Non solo, con la nuova legge sulla «sécurité globale» pare che il governo abbia concesso ai poliziotti fuori servizio la possibilità di passeggiare armati nei luoghi pubblici. Una misura, questa, che inserita perfettamente nella progressiva militarizzazione delle forze di polizia nonché in continuità con lo Stato d’eccezione permanente orami in vigore in Francia da più di un lustro. Con l’ “État d’urgence” emanato nel 2015, infatti, il governo francese aveva autorizzato i poliziotti a portare le armi da fuoco anche fuori dal lavoro; l’anno successivo, poi, aveva esteso l’utilizzo di queste ultime anche al di fuori dell’ambito e dei paletti della legittima difesa. Così, dal 2016, un poliziotto otteneva “il diritto di sparare” non solo per difendersi, ma anche per “difendere un luogo sotto la sua responsabilità”. Che, tra il 2016 e il 2018, il numero dei proiettili (da arma da fuoco, non flashballs) sparati dalla polizia fosse aumentato del 54% non è affatto un caso e che anche gli “incidenti” legati alla nuova dottrina della “sicurezza” fossero aumentati nemmeno.

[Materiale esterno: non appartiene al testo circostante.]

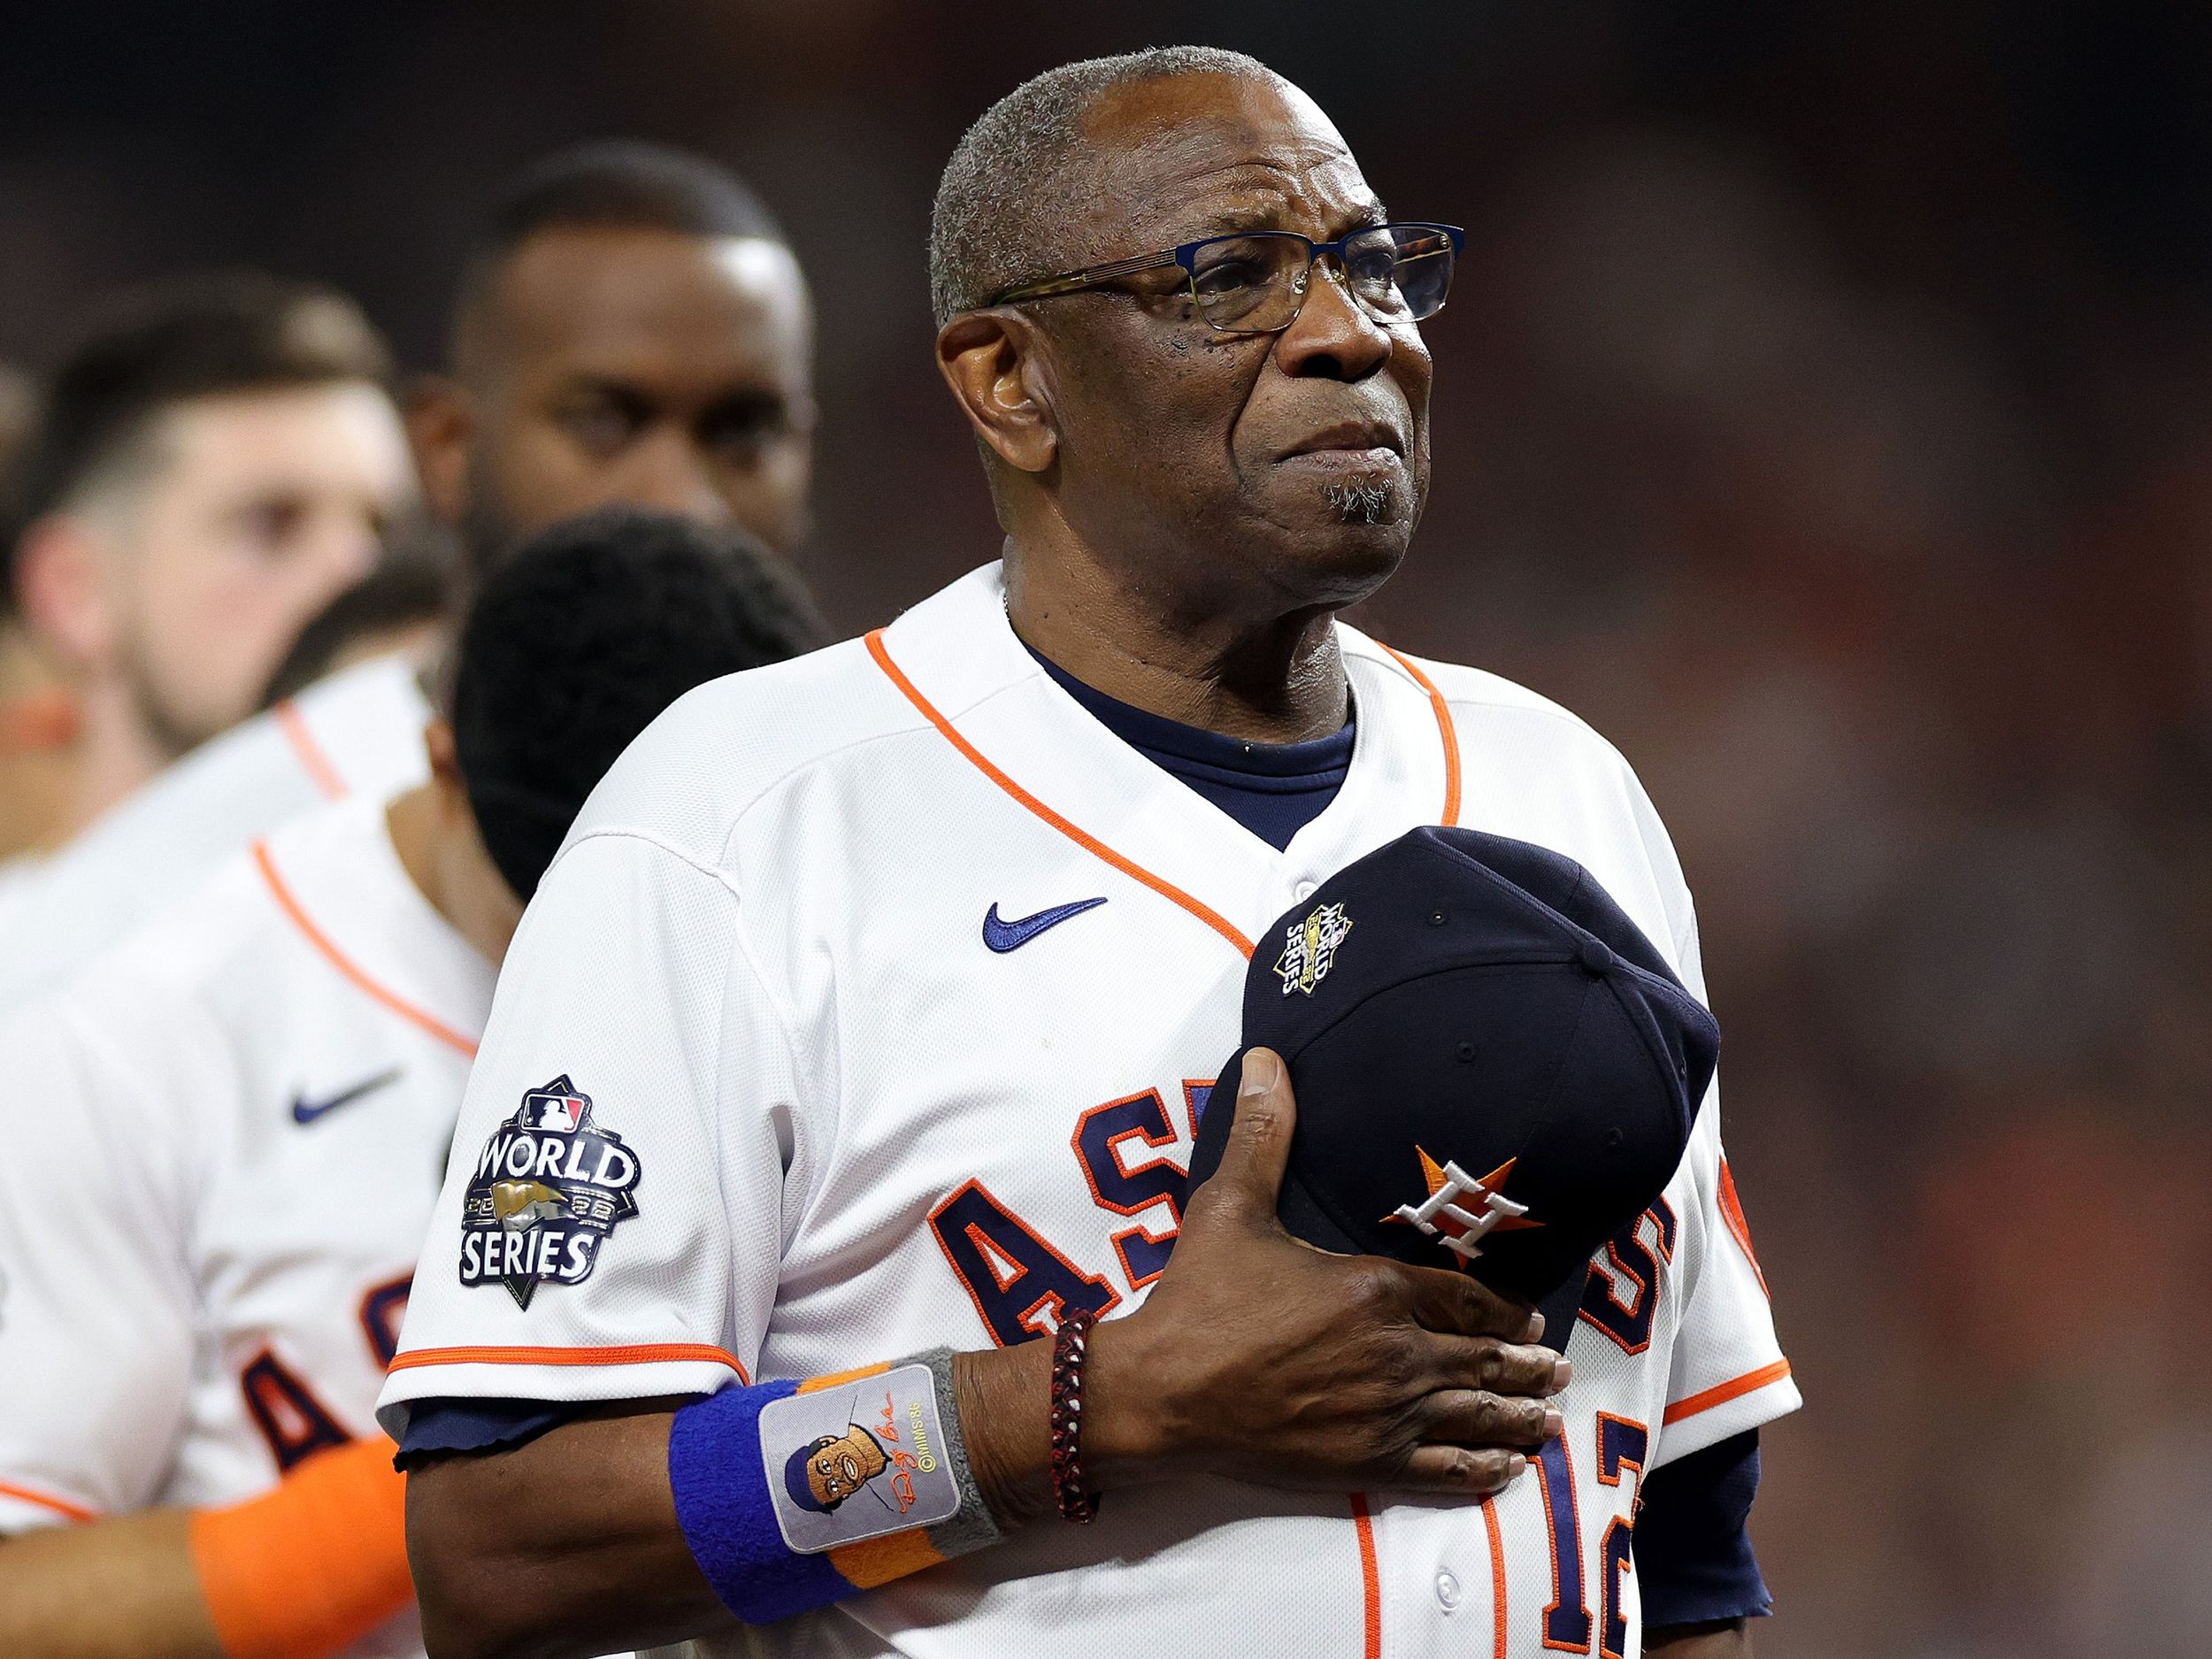 Dusty Baker has helmed another elite Astros team. He also faces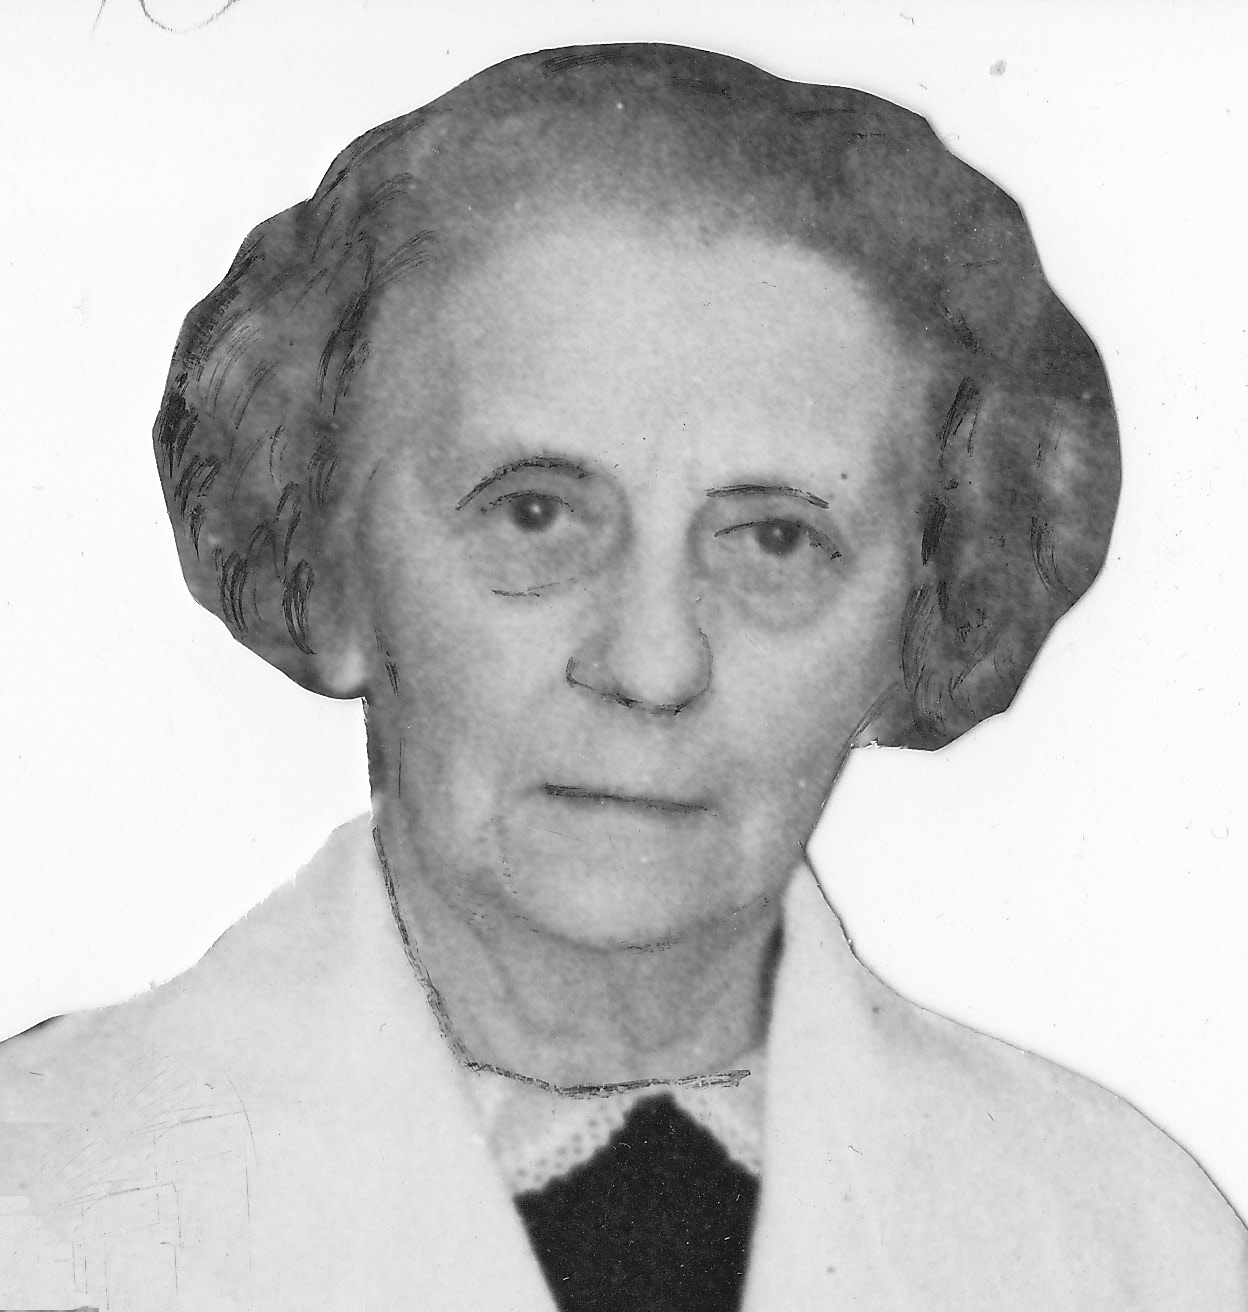 Miss Girling in 1939 on retirement

E se persino il presidente della Corte Costituzionale francese, organo molto meno indipendente dal governo rispetto al corrispettivo italiano, si è scomodato per ricordare che lo stato di diritto e la libertà di stampa devono essere garantiti, allora la situazione prefigurata da un arnese legislativo come quello sulla «sécurité globale» dovrebbe suscitare non pochi allarmi.

Per il momento pare che le massiccie mobilitazioni di questi giorni abbiano messo all’angolo il governo Macron, ma in un’epoca dove l’ “eccezione” si sovrappone all’ “eccezione” non è mai detta l’ultima parola e tanto in Francia quanto in Italia: «Il n’y aucun véritable choix à part la rue.»